For life x.0 I made a decision to not do all the ridiculous stuff I did in life y.0 as I wasted a lot of time in sounding clever and pleasing bosses. Yes, I had the Mercedes, the great house in suburbia, almost had the MBA. Yet I lost myself, gained a lot of wisdom through hardship which taught me a lot. I can now apply life y.0 lessons in a new system, with a different attitude and do it a bit faster than the 10 years it took me in that version of career and life. I also do not do programming to be the next startup billionaire or to become super rich. It is a means to provide a roof over my head and practice an “art”. If I do become super rich, great, if not great.

I do what I do because I do and I love to do it because I love to do it excellently.
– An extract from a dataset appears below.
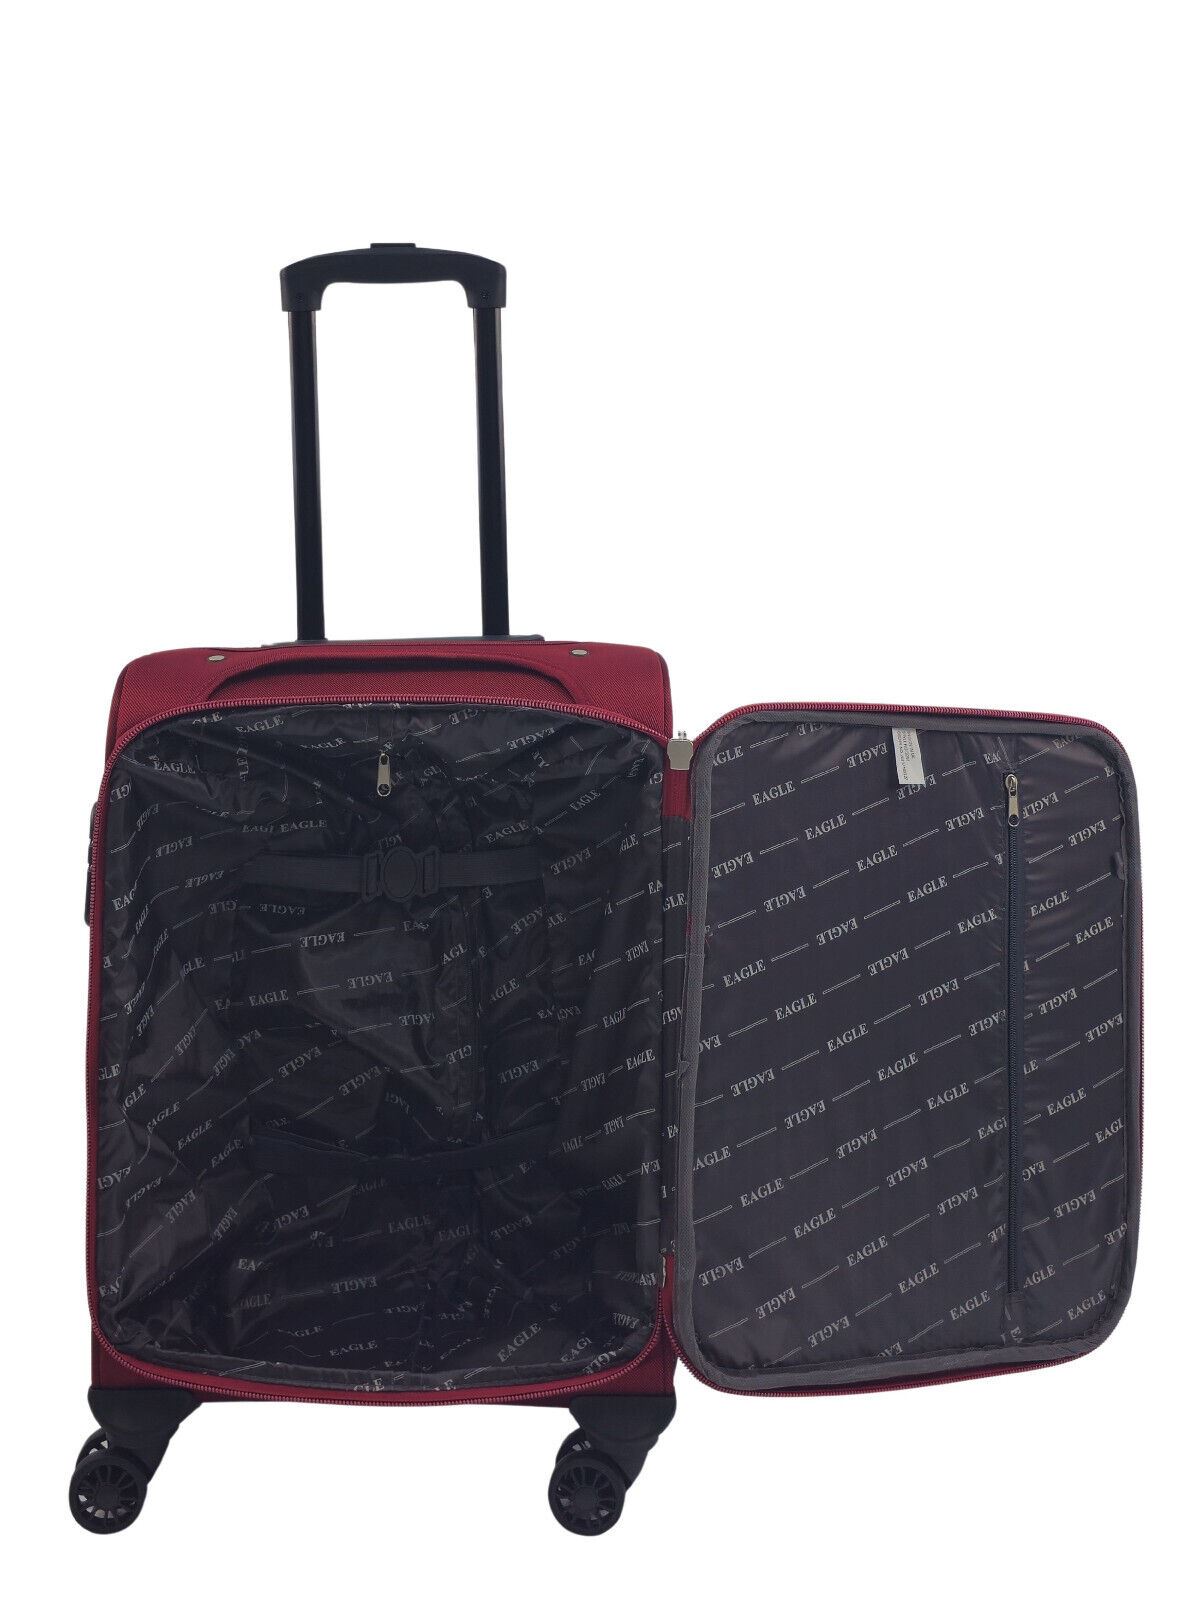 Ashland Cabin Soft Shell Suitcase in Burgundy

It could have been a passion to chop wood with an axe excellently, but physically I cannot, it could have been painting, but I do have a passion for that.

Tai Chi and Yoga are a form of meditation, it could be prayer, jumping, with focus, on the bed, as long as it gets you into the flow it is great :slight_smile:. Once again, each has their own path. I personally do the dog walk also each day, she loves it and it does me good to see a different view of the world and to see the life that is happening around me.